The National Endowment for the Arts (NEA) on Monday announced the 79 recipients of its 2018-2019 NEA Big Read grants, which total more than $1 million this year. The grants will go to schools, libraries, and arts organizations in 34 states plus Puerto Rico to host reading projects on 25 selected works of literature.

2018 Pannell winners at BookExpo
At BookExpo, the 2018 Pannell Awards were presented to staff from the winning bookstores.

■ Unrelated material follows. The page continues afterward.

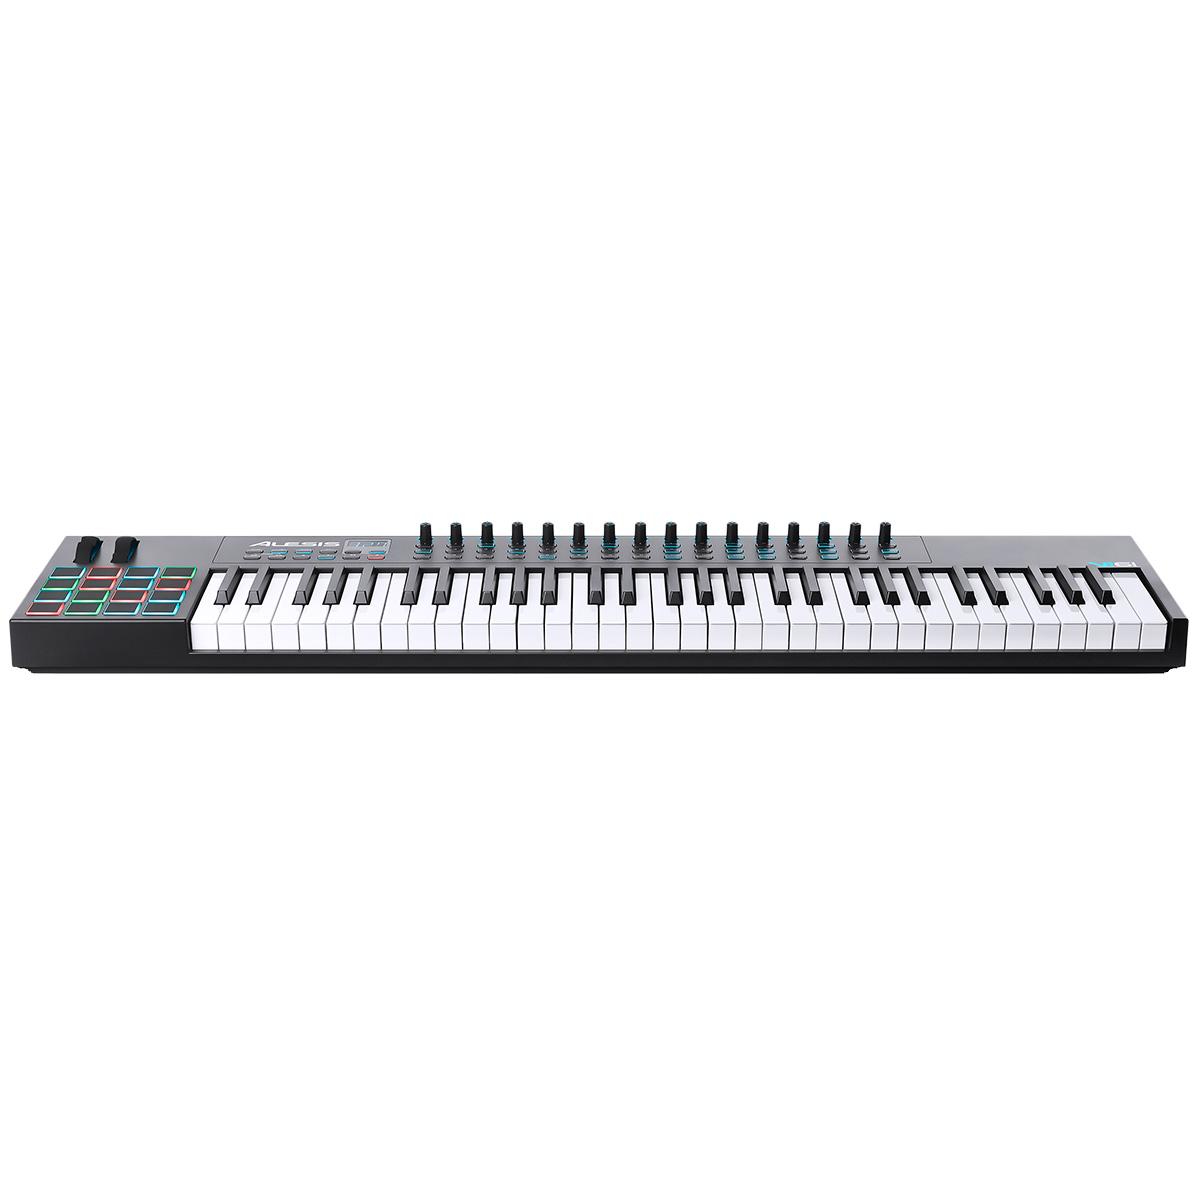 VI61 - Teclado Controlador MIDI / USB VI 61 - Alesis

The Women’s National Book Association (WNBA) officially presented the 2018 Pannell Awards at BookExpo in New York City. Staff from the winning stores — Northshire Bookstore in Saratoga Springs, New York, and Manchester Center, Vermont, and Red Balloon Bookshop in St. Paul, Minnesota — were present at the Children’s Book & Author Breakfast to receive their awards. The winners were originally announced in April.

The winners of the Lambda Literary Awards were announced on June 4 at the 30th annual “Lammys.” Edmund White and Roxane Gay received the night’s Trustee and Visionary Awards, respectively; Lammy winners in 23 categories include, for lesbian fiction, Carmen Maria Machado’s Her Body and Other Parties (Graywolf Press); for gay fiction, After the Blue Hour by John Rechy (Grove Press); for bisexual nonfiction, Hunger by Gay (HarperCollins); and for LGBTQ nonfiction, How We Get Free by Keeanga-Yamahtta Taylor (Haymarket Books).

The Jewish Book Council’s 2018 Sami Rohr Prize for Jewish Literature was awarded to If All the Seas Were Ink (St. Martin’s Press), the 2017 memoir by Ilana Kurshan. As the winner, Kurshan will receive $100,000 in prize money.